City Councilor Ruby Padilla-Sison, who described Mayor Joseph Evangelista’s move as “despotic”, said the council was only given a budget of P36,000 for next year.

The office of the secretary to the city council was given the same amount, or a cut of 98.9 percent, Sison said.

She added the office of the vice mayor will have a budget of P1.3 million, or a P19-million decrease compared to this year’s appropriation of P20.3 million.

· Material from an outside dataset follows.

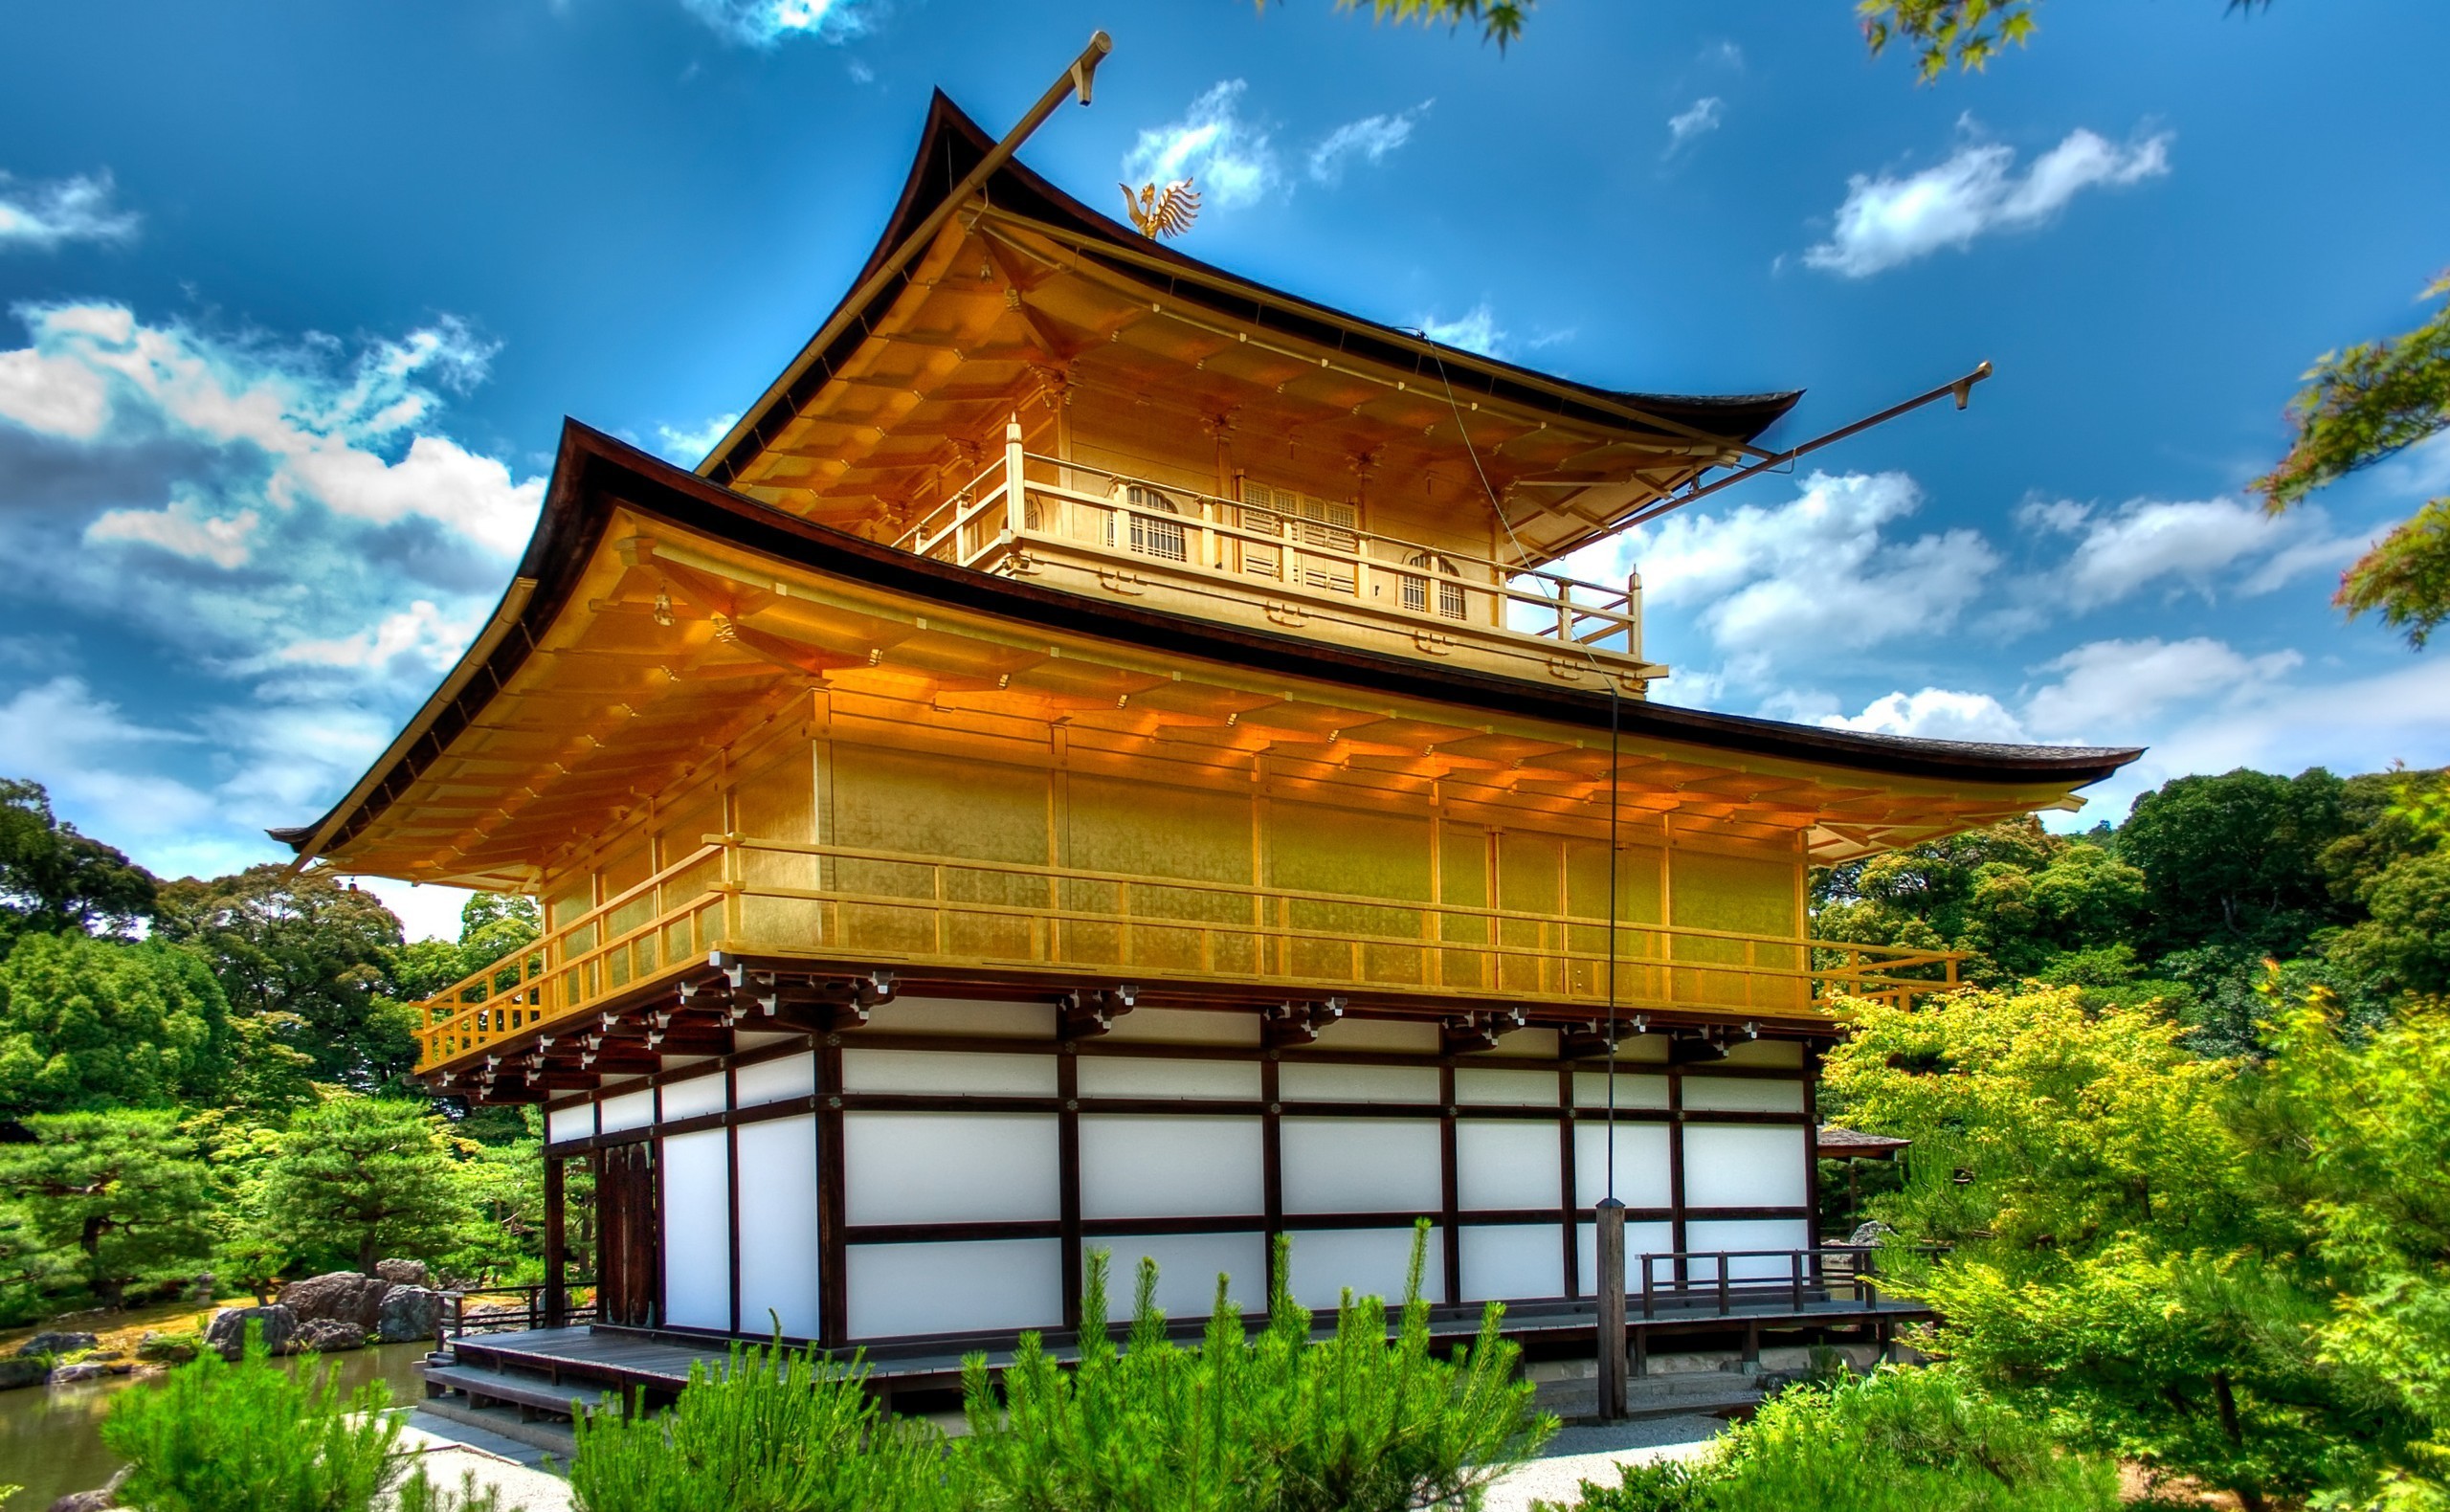 337898 Hintergrundbild herunterladen religiös, kinkaku ji, japan, kyōto, der tempel des goldenen pavillons, tempel - Bildschirmschoner und Bilder kostenlos

As per the Local Government Code, the vice mayor presides the city council.

In a privilege speech Thursday, Sison, who chairs the committee on human rights said the budget proposal “would frustrate their duty to scrutinize public spending and to deliberate the budget.”

On several occasions since the pandemic started, Sison has opposed the passage of the proposed ordinances on supplemental budget citing the failure of the mayor to liquidate expenditures using such appropriation.

“The mayor was well aware that before they could have another supplemental budget, they must liquidate first the previous supplemental budget. On several instances, the mayor violated such provision,” she said.

Supplemental Budget Nos. 8 and 9, which amounted to P13 million and P23 million, respectively, were passed to respond to the COVID-19 pandemic, she said.

The councilor surmised that the disagreements between the city council and Sison over the supplemental budget proposals could have triggered the mayor’s decision to propose an “almost zero” budget for the local legislature.

“It is very ironic that right in [sic] our very own noses, a rightful budget for the three offices in the legislative department would be unreasonably reduced at the behest of the executive,” she said in her privilege speech.

She claimed the mayor’s move threatens the principle of separation of powers and independence of each office which may lead to “constitutional and organizational crisis.”

In her speech, she reminded her 12 colleagues in the council of the powers vested upon them by the Local Government Code of 1991, specifically legislative oversight and that they hold the power to review, which is an “integral part of the constitutional system of check-and-balance.”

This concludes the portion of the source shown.